3. Robustness to quantization step size perturbation

a)
```
$ cd distiller/distiller/quantization
$ python3 sensitivity_analysis_qat_dorefa_models.py -a resnet18 -p 50 -b 256 <ImageNet-Path> --epochs 110 --resume=distiller/examples/classifier_compression/logs/<checkpoint_dir>/best.pth.tar --gpu 0 --min_ratio 0.7 --max_ratio 1.3 --gr 21 --effective-test-size 0.1 -exp resnet18_dorefa_qat_w4a4_scale_changes
```

b) results are saved in 'resnet18_dorefa_qat_w4a4_scale_changes' directory. Example for plots can be found in nn_quantization_pytorch/nn-quantization-pytorch/jupyter/NIPS2020_experiments.ipynb

### Train LSQ-ResNet-18 with KURE

The following instructions describe how to combine KURE with LSQ-QAT method to quantize ResNet-50 model to 4-bits (weights only) with ImageNet dataset.
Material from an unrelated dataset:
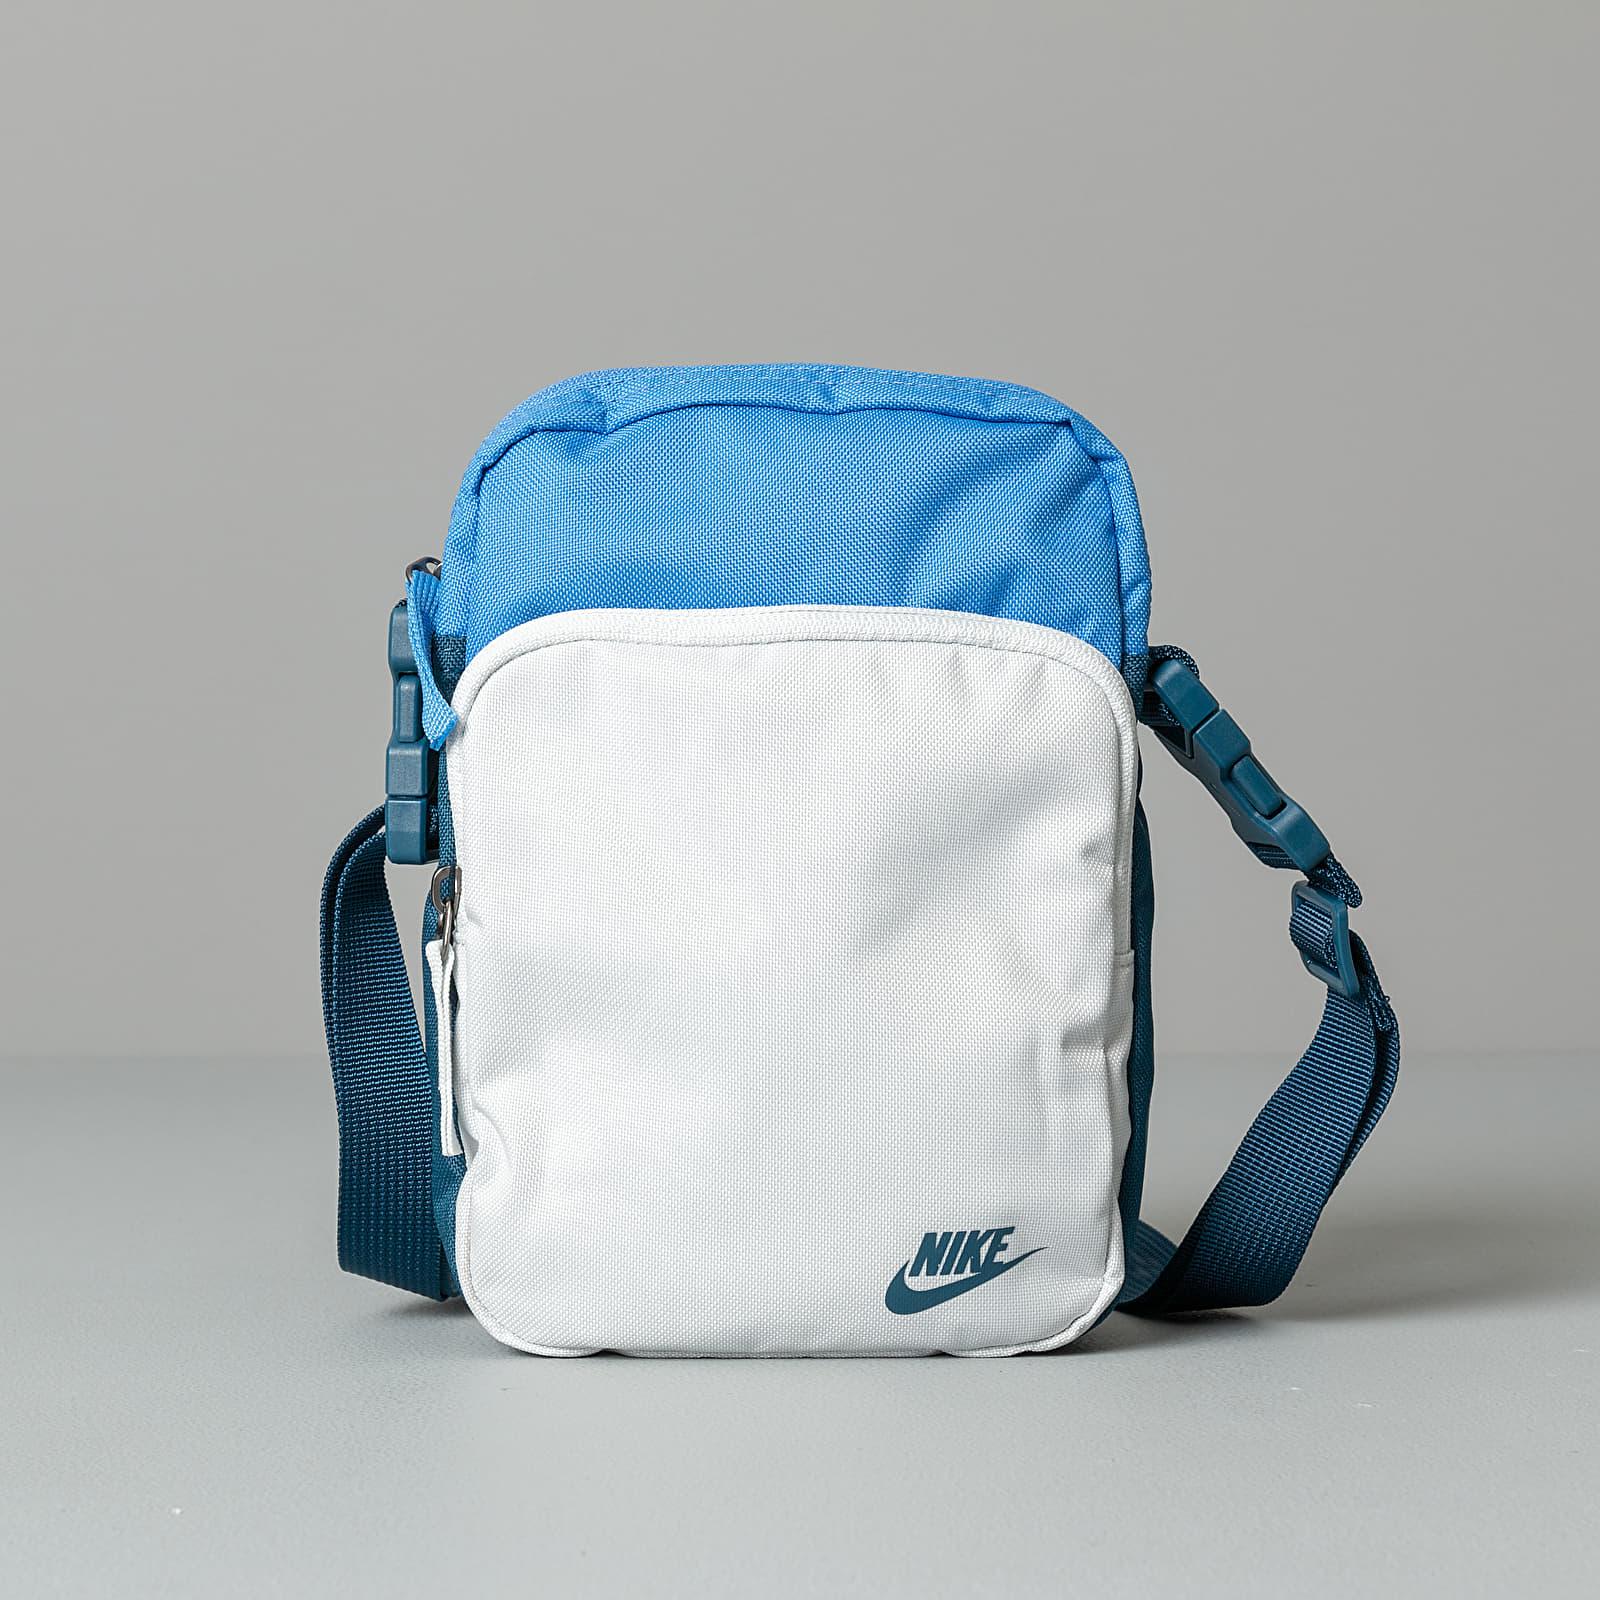 Nike Heritage 2.0 Cross Body Bag

The same can be applied on any other NN architecture
1. combine KURE with LSQ-ResNet-50

a)
```
$ cd /nn_quantization_pytorch/nn-quantization-pytorch
```

b)
set __IMAGENET_DEFAULT_PATH in file nn_quantization_pytorch/nn-quantization-pytorch/utils/data.py to your local dataset directory

c)
```
$ python3 quantization/qat/cnn_classifier_train_kurtosis.py -a resnet18 --custom_resnet --dataset imagenet -b 128 --gpu_ids 0 --lr 0.001 --lr_step 20 -q -bw 4 -ba 4 -ep 60 -exp temp --qtype lsq  --w-kurtosis --weight-name all --w-lambda-kurtosis 1.0 --w-kurtosis-target 1.8 --pretrained
```

The Checkpoint of the fine-tuned model is in : nn_quantization_pytorch/nn-quantization-pytorch/mxt-sim/ckpt/resnet18/<checkpoint_dir>

2. model quantization (-evaluate flag) to different bit-widths as well
```
$ python3 quantization/qat/cnn_classifier_train.py -a resnet18 --custom_resnet --dataset imagenet -b 128 --gpu_ids 0 --lr 0.01 --lr_step 20 -q -bw 3 -ep 90 -exp resnet18_lsq_w3 --qtype lsq --evaluate --datapath <ImageNet-Path> --resume=nn_quantization_pytorch/nn-quantization-pytorch/mxt-sim/ckpt/resnet18/<checkpoint_dir>/model_best.pth.tar
```

## Jupyter notebook

in nn_quantization_pytorch/nn-quantization-pytorch/jupyter/NIPS2020_experiments.ipynb you can find plots of the experiments results we showed in the paper.